§ About this exercise: Restate the listing below word for word; no picture is to be carried over.

§ Supplied information:
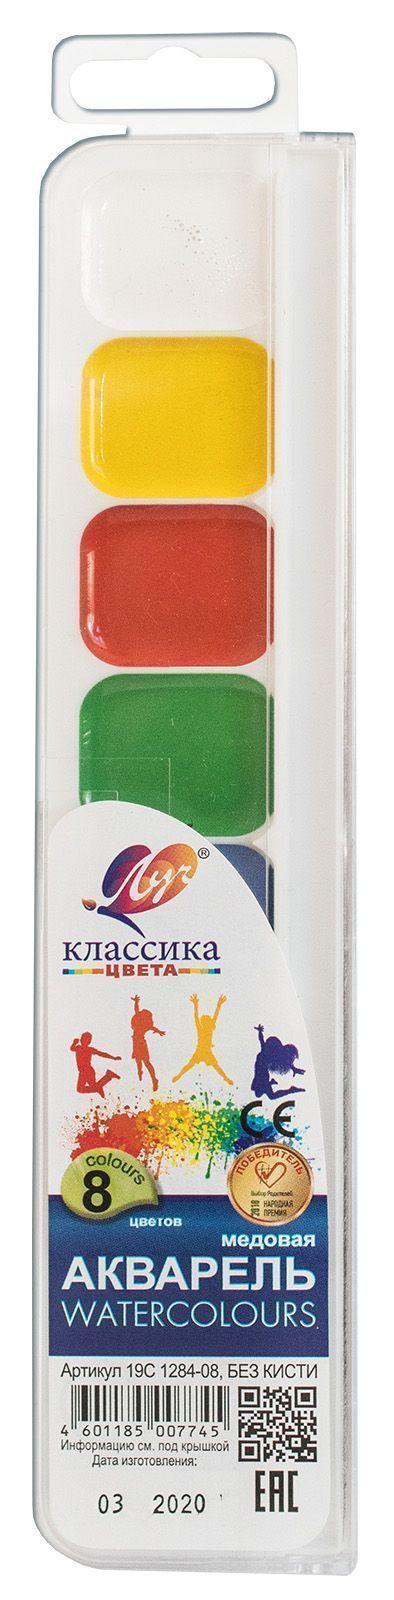 Акварель КЛАССИКА 8 цветов, пластиковая упаковка
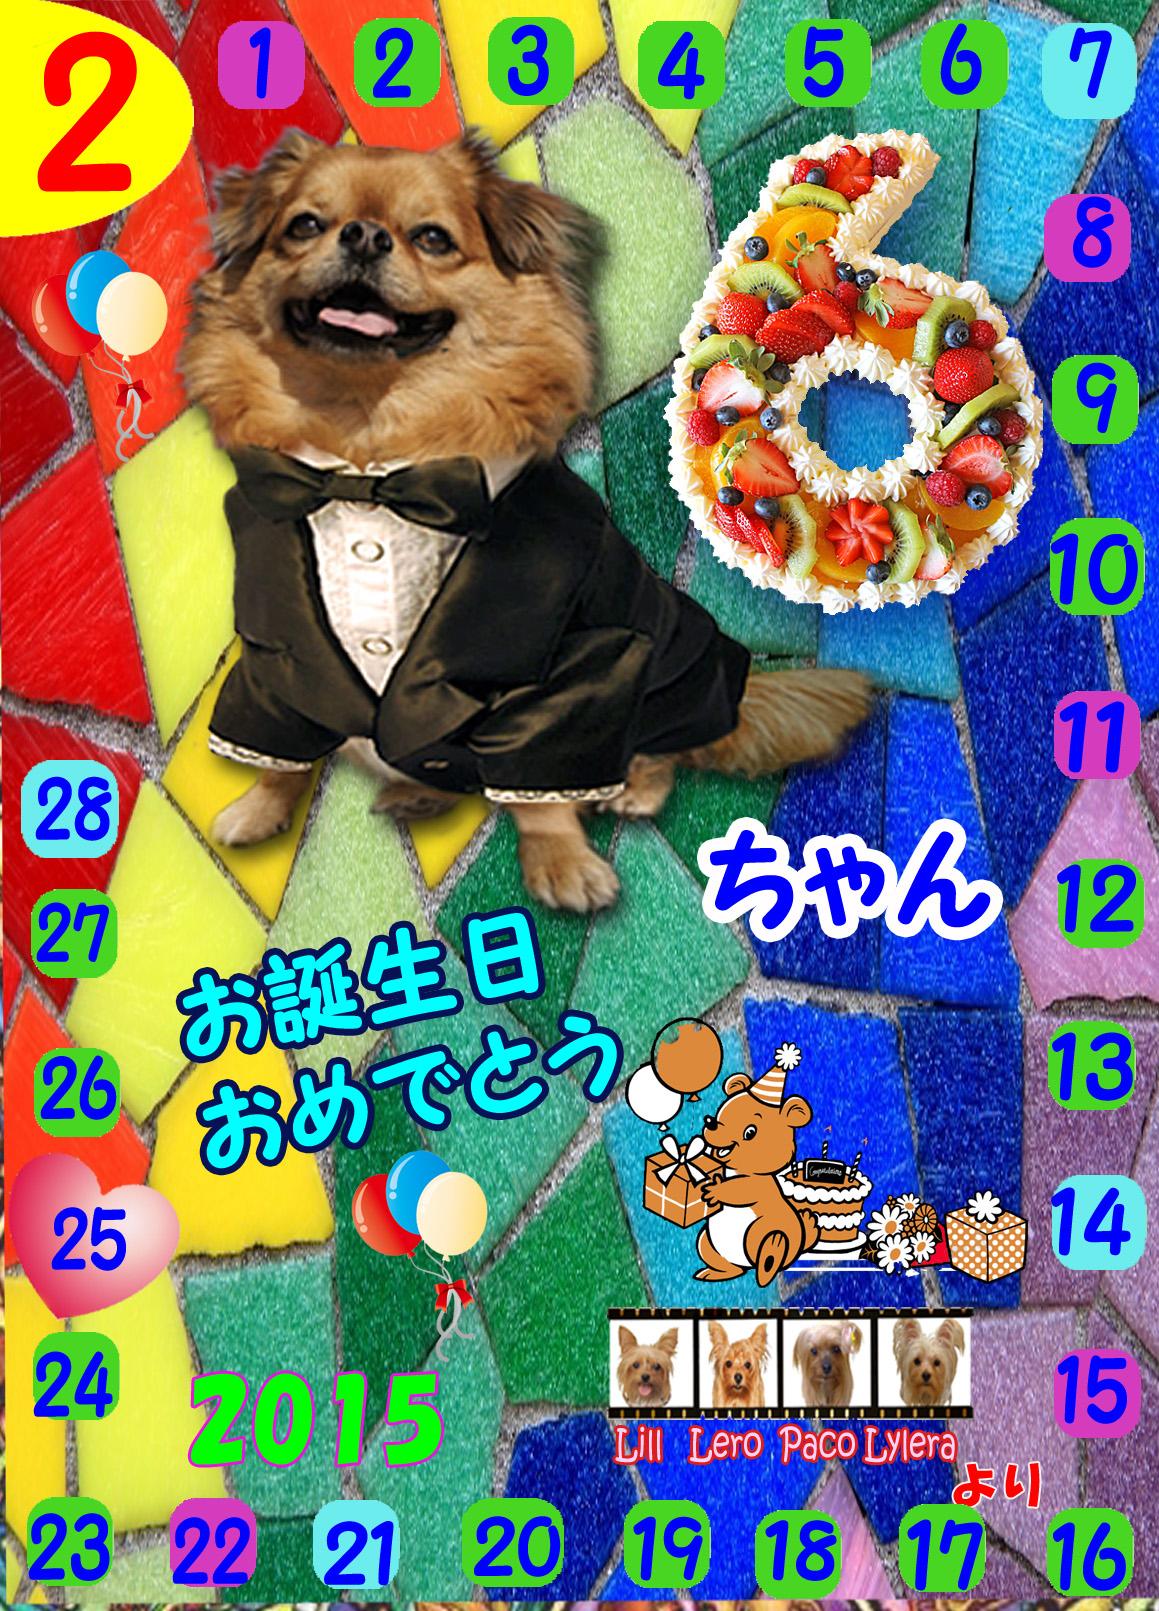 2015-02-25ちょこちゃんお誕生日カード
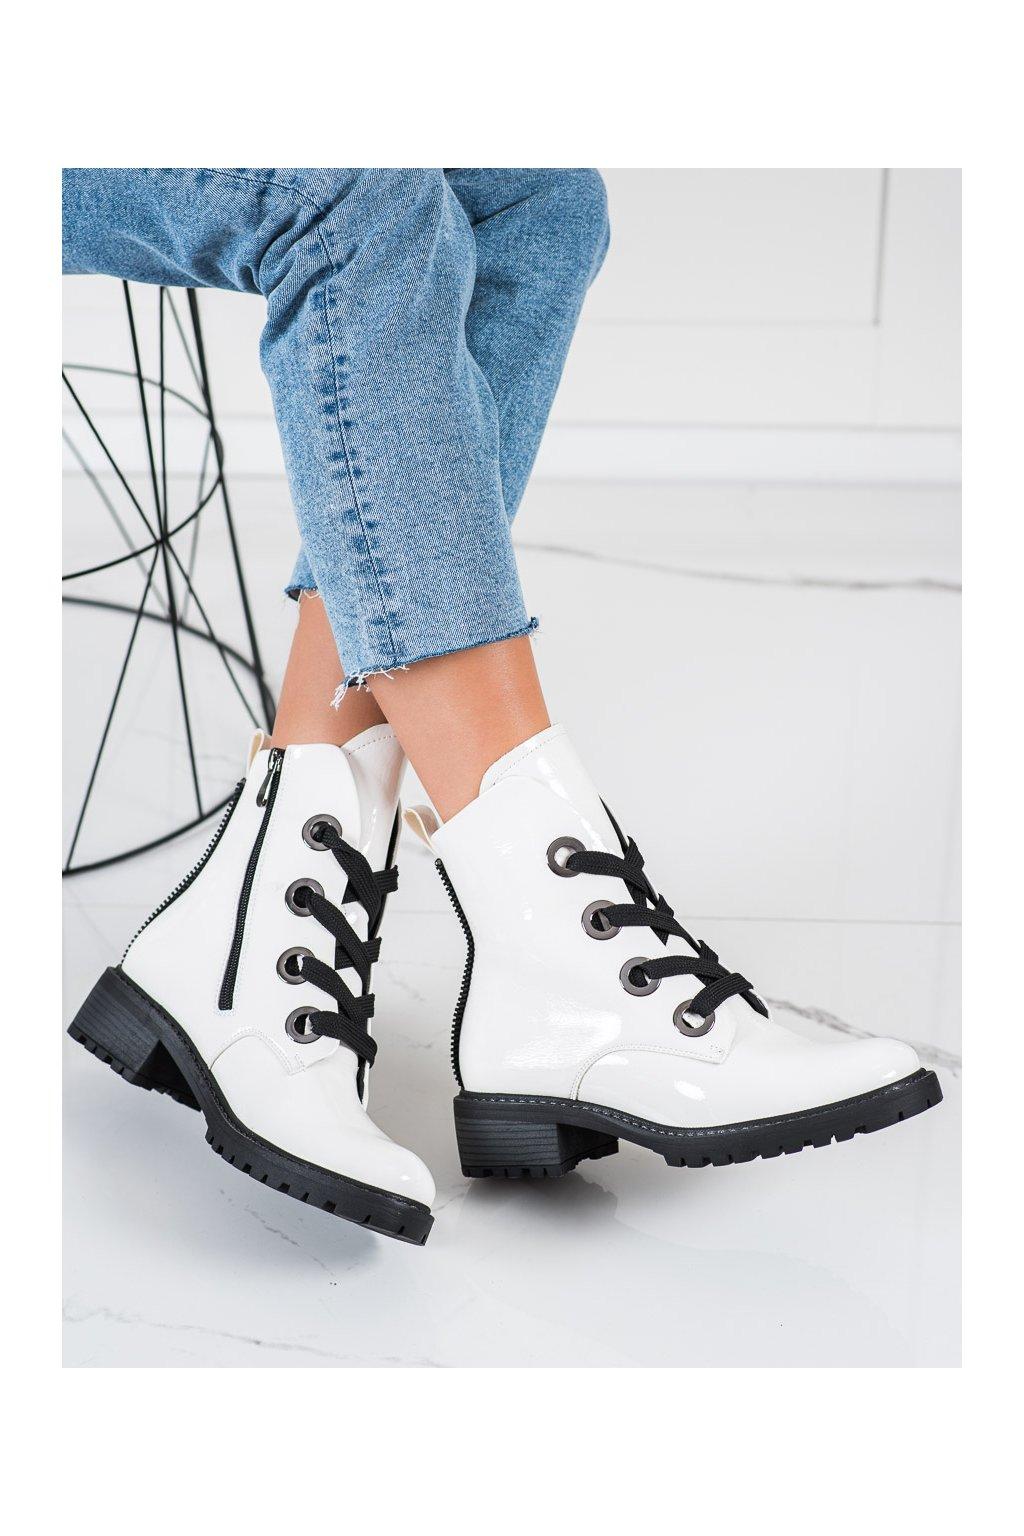 Biele dámske topánky Vinceza kod XY22-10660W

§ Task answer:
 Акварель КЛАССИКА 8 цветов, пластиковая упаковка
 2015-02-25ちょこちゃんお誕生日カード
 Biele dámske topánky Vinceza kod XY22-10660W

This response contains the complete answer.